What to work on –
With the pictures left out, print exactly the lines below that run from the one containing "Vintage Personalized Arbonne" through the one containing "Guest enjoying zipline thrill".

Exercise materials –
● ● ● ● ● ● ●
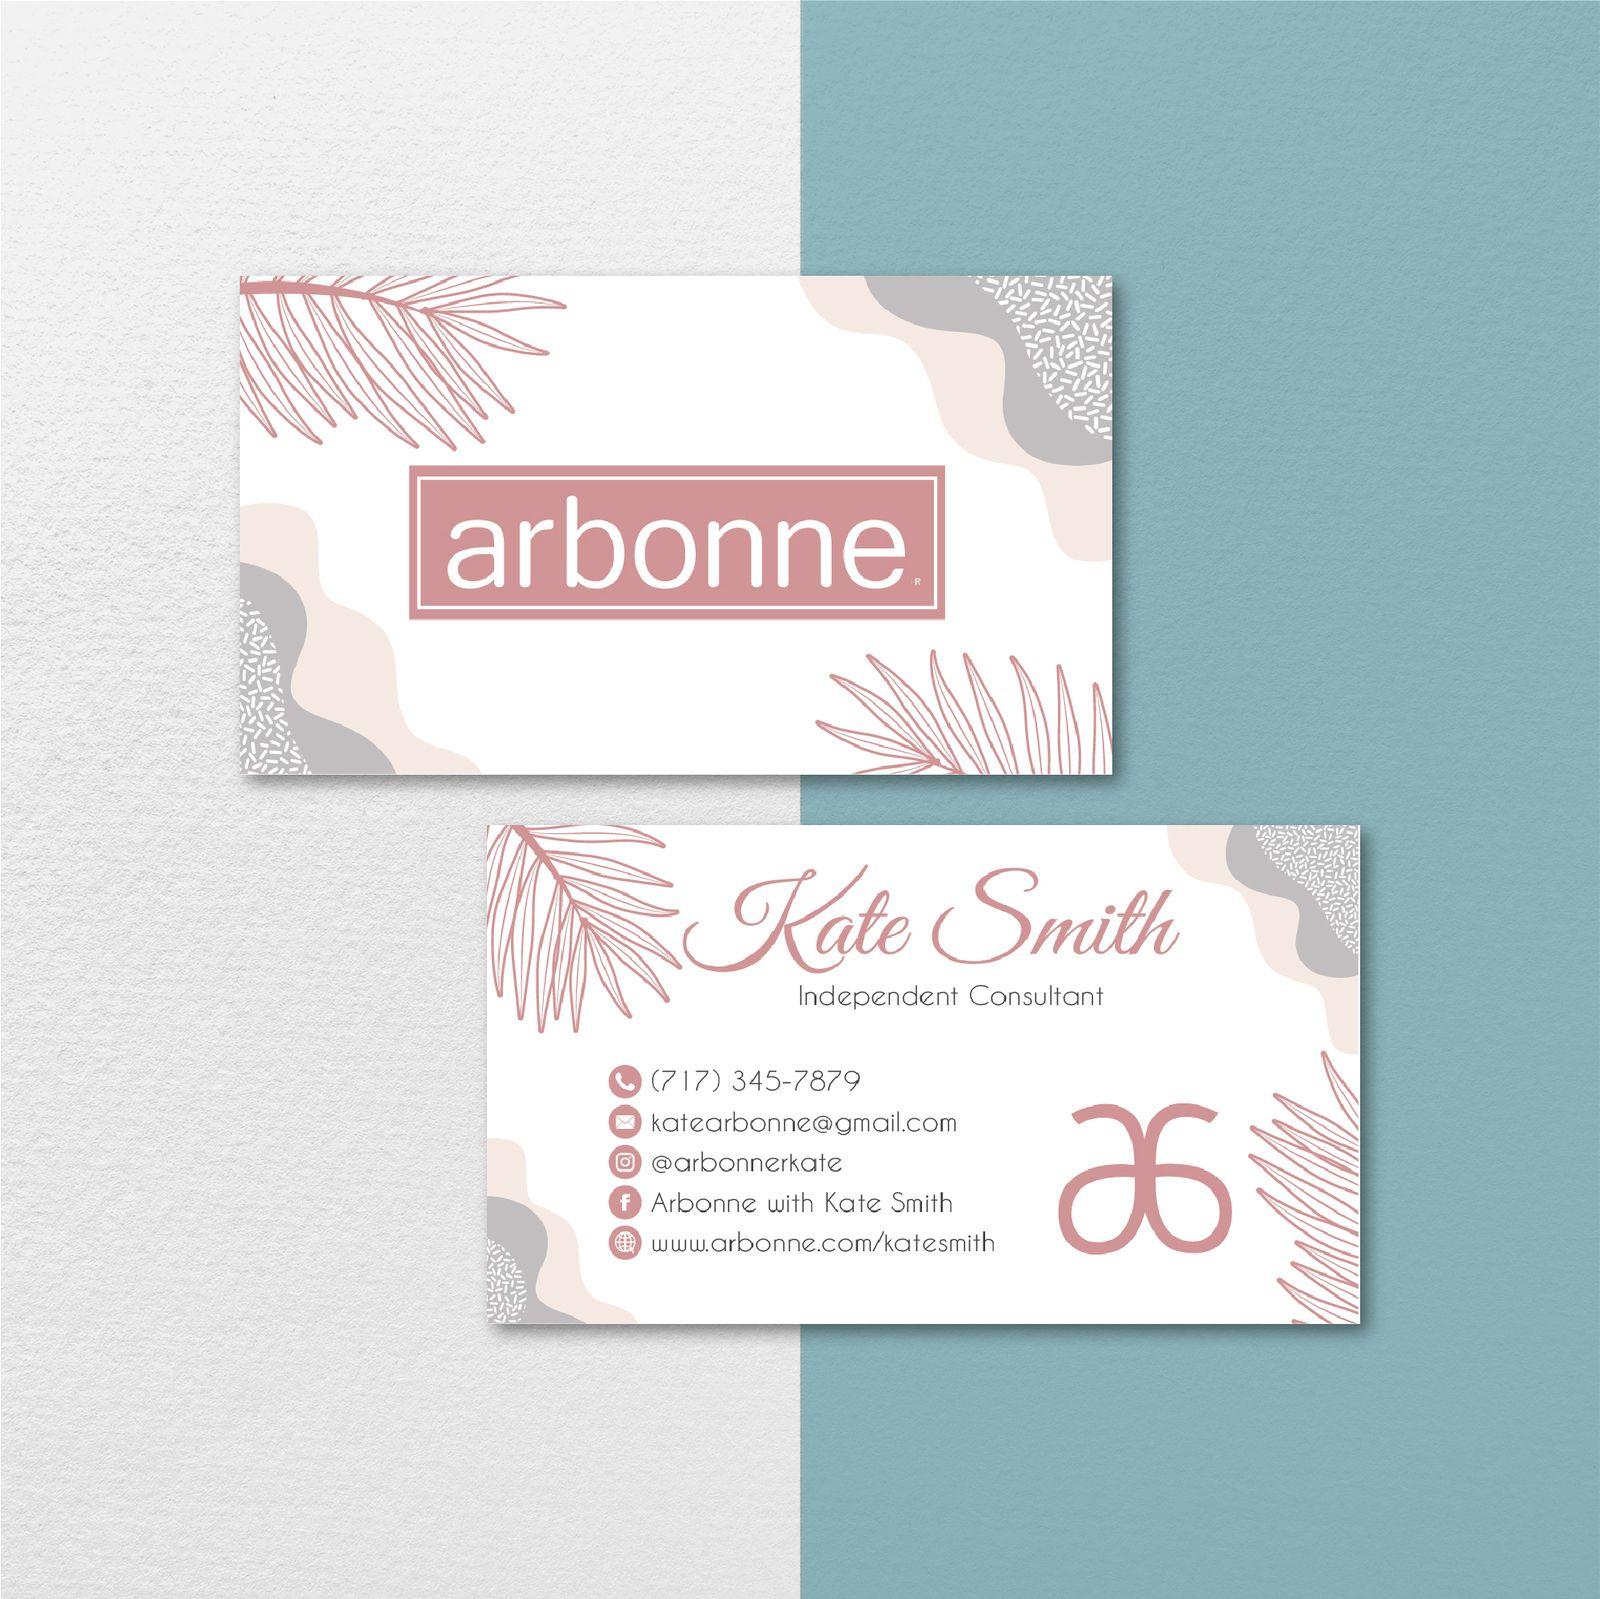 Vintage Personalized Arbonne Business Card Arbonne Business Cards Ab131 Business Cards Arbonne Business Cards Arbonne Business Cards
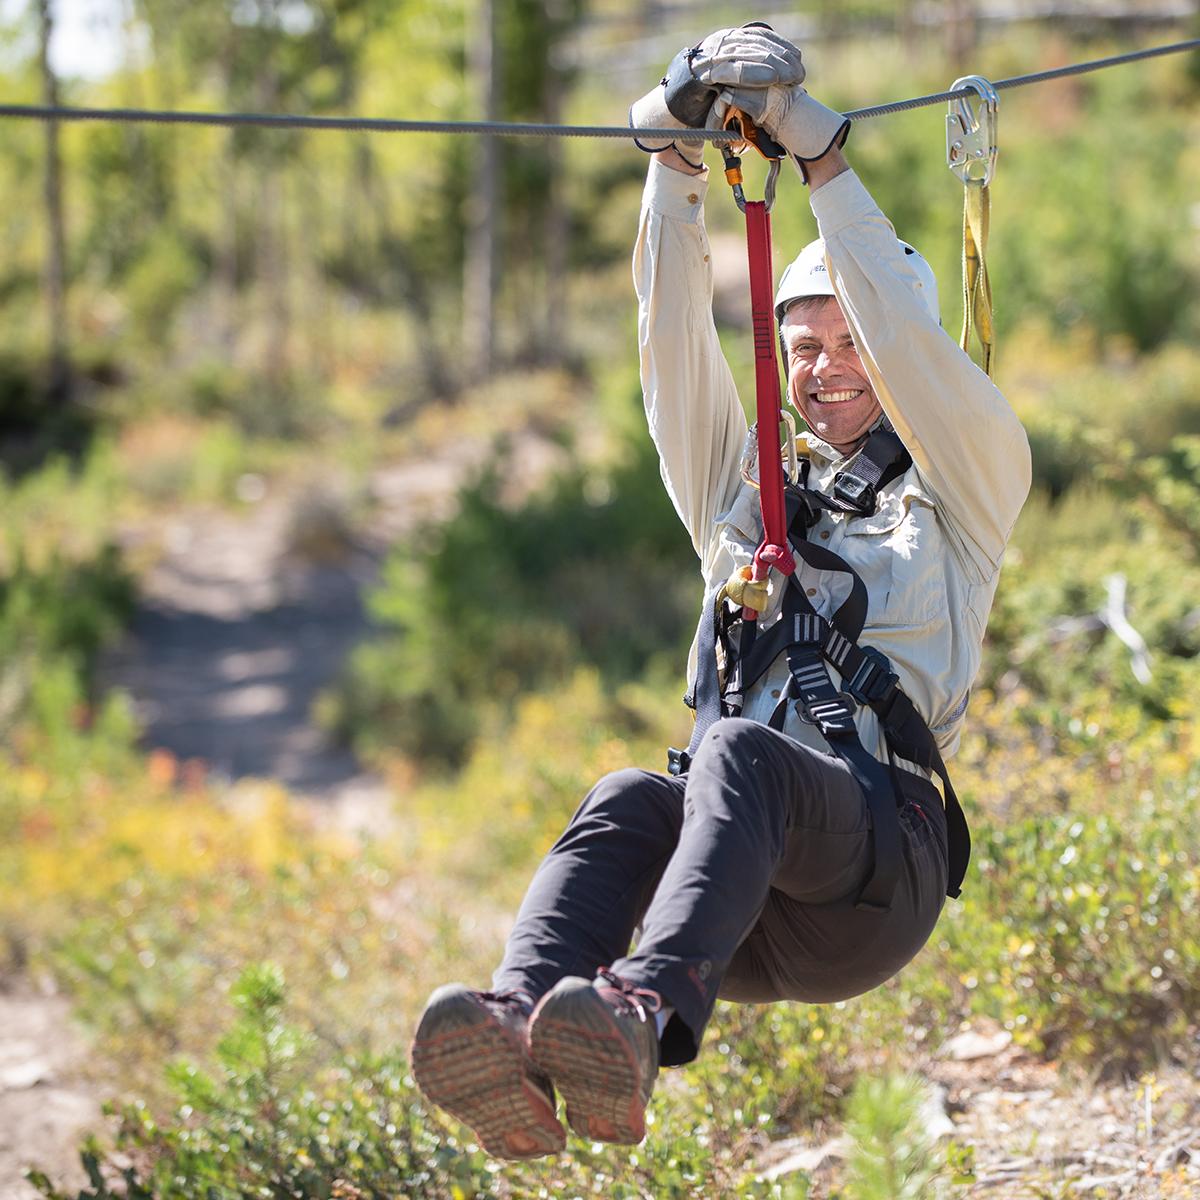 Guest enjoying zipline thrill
● ● ● ● ● ● ●
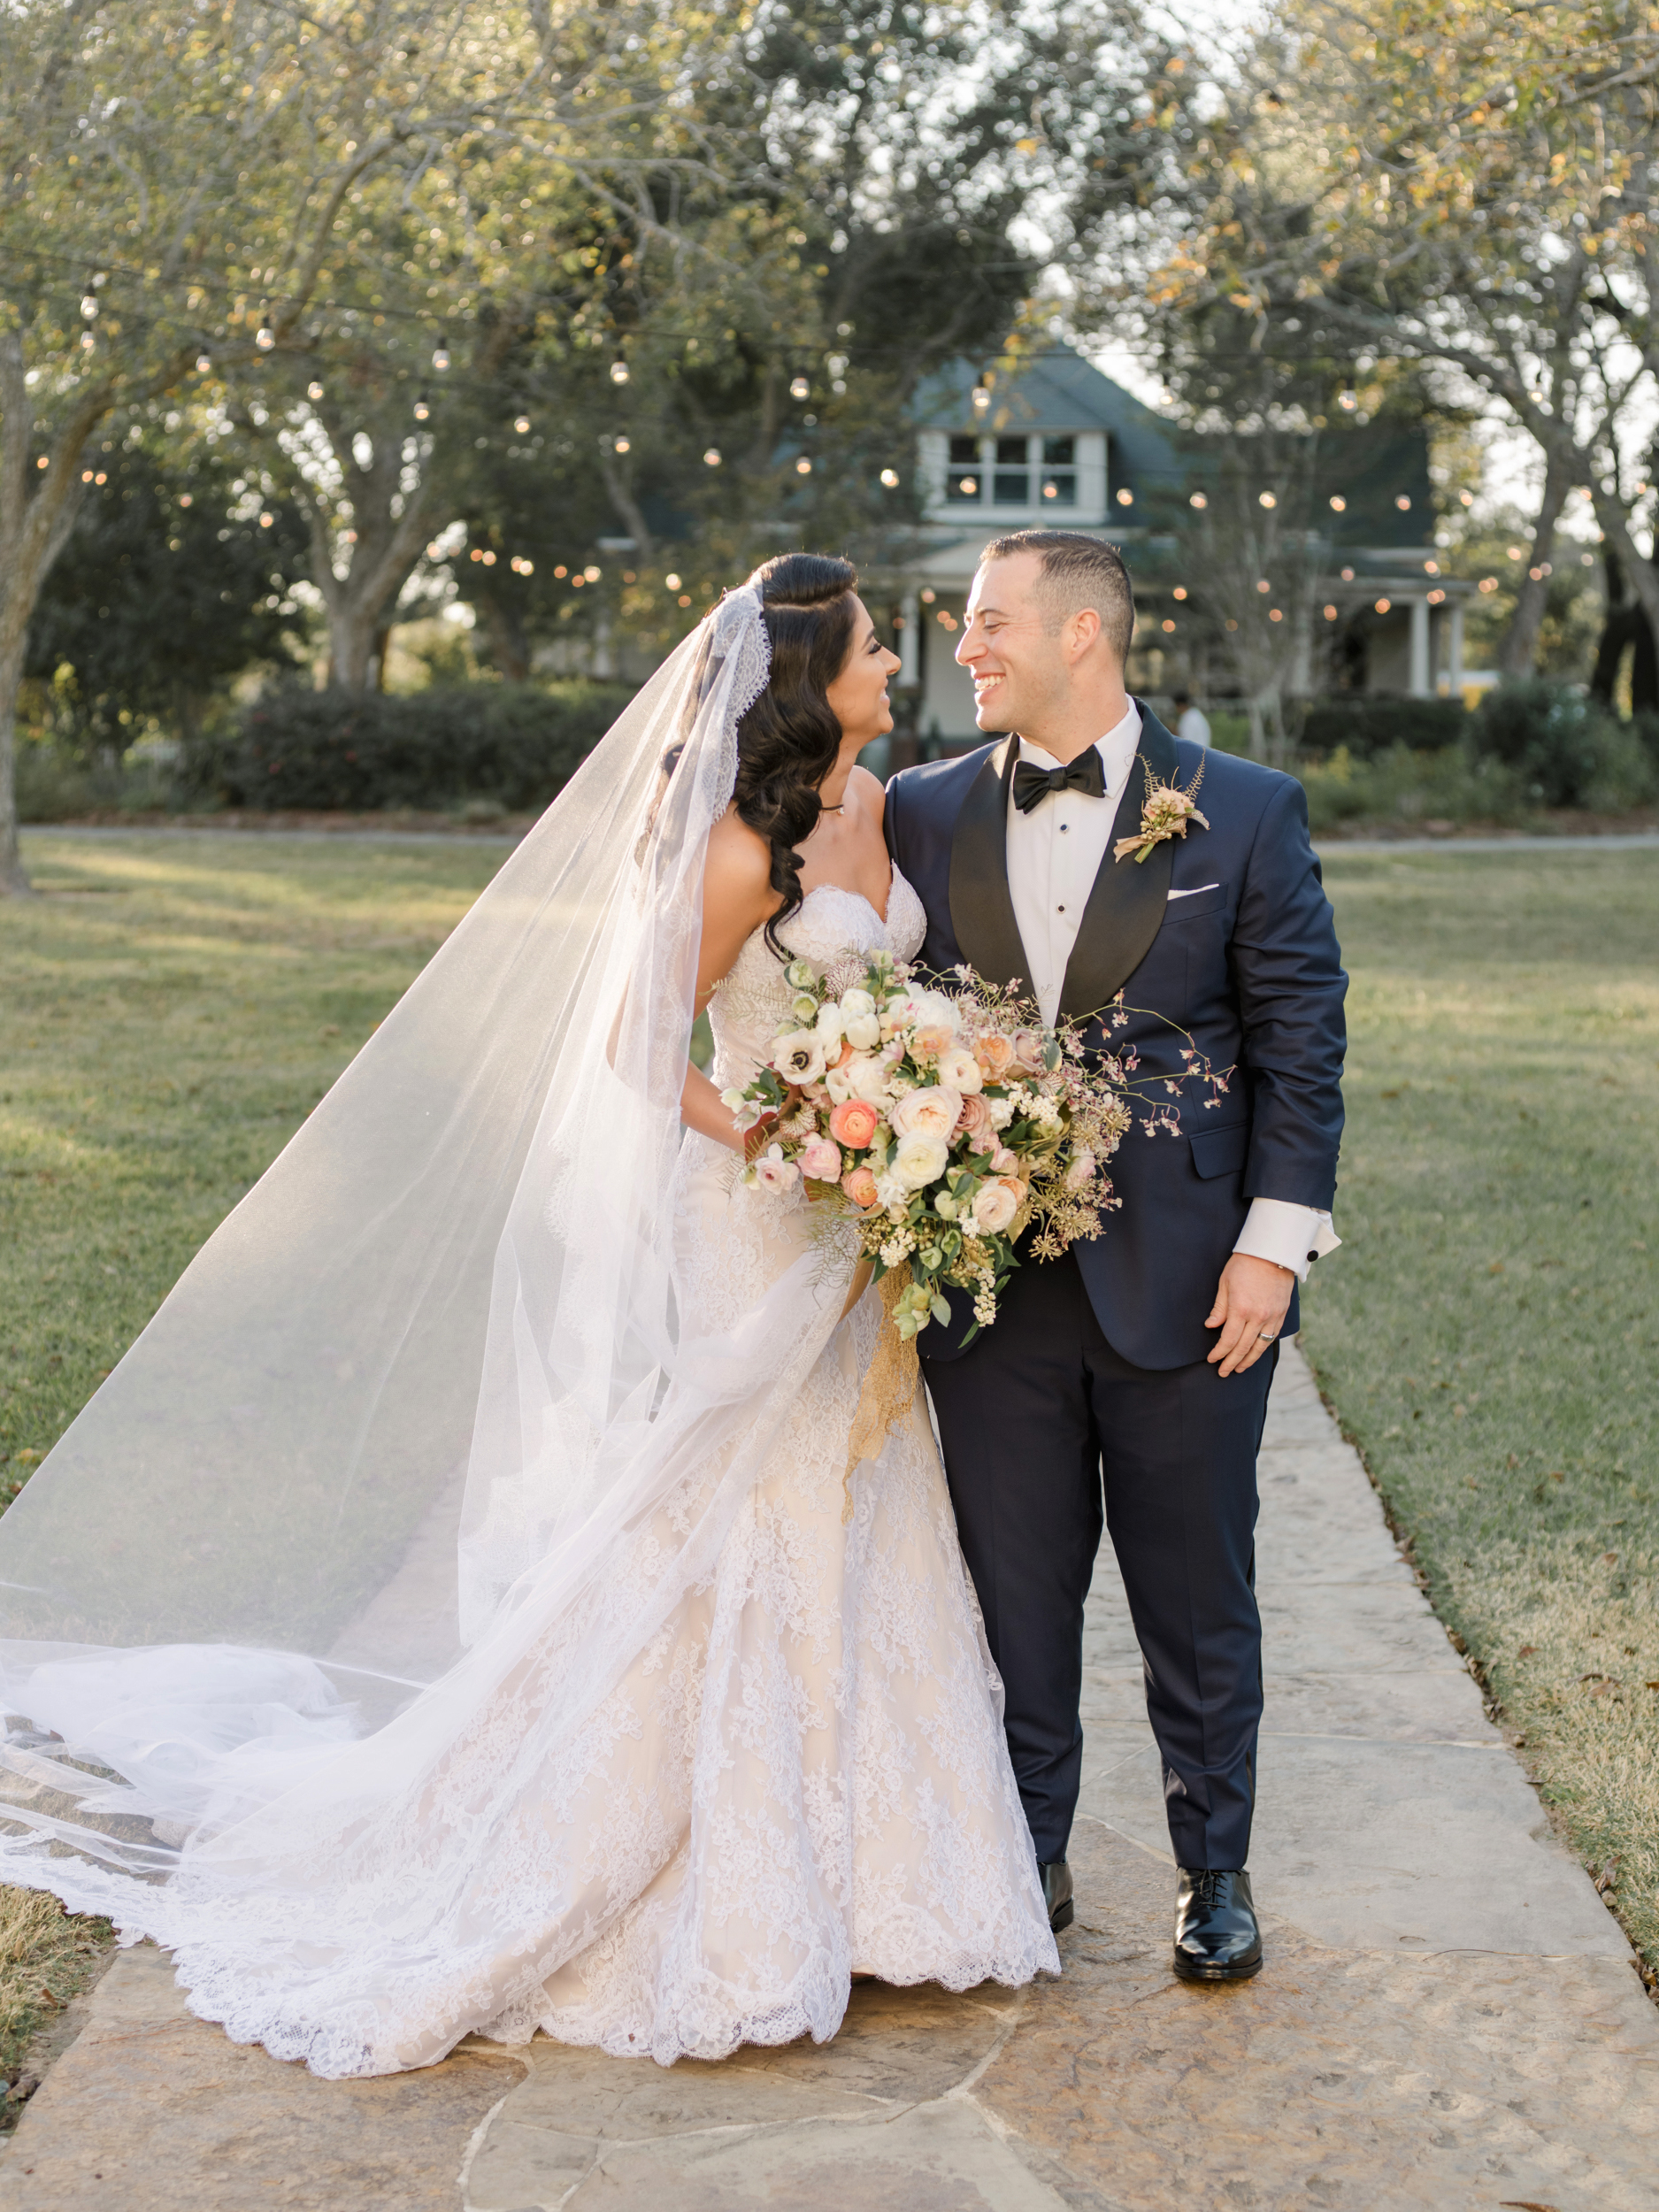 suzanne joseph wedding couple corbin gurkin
● ● ● ● ● ● ●
Result of the exercise –
 Vintage Personalized Arbonne Business Card Arbonne Business Cards Ab131 Business Cards Arbonne Business Cards Arbonne Business Cards
 Guest enjoying zipline thrill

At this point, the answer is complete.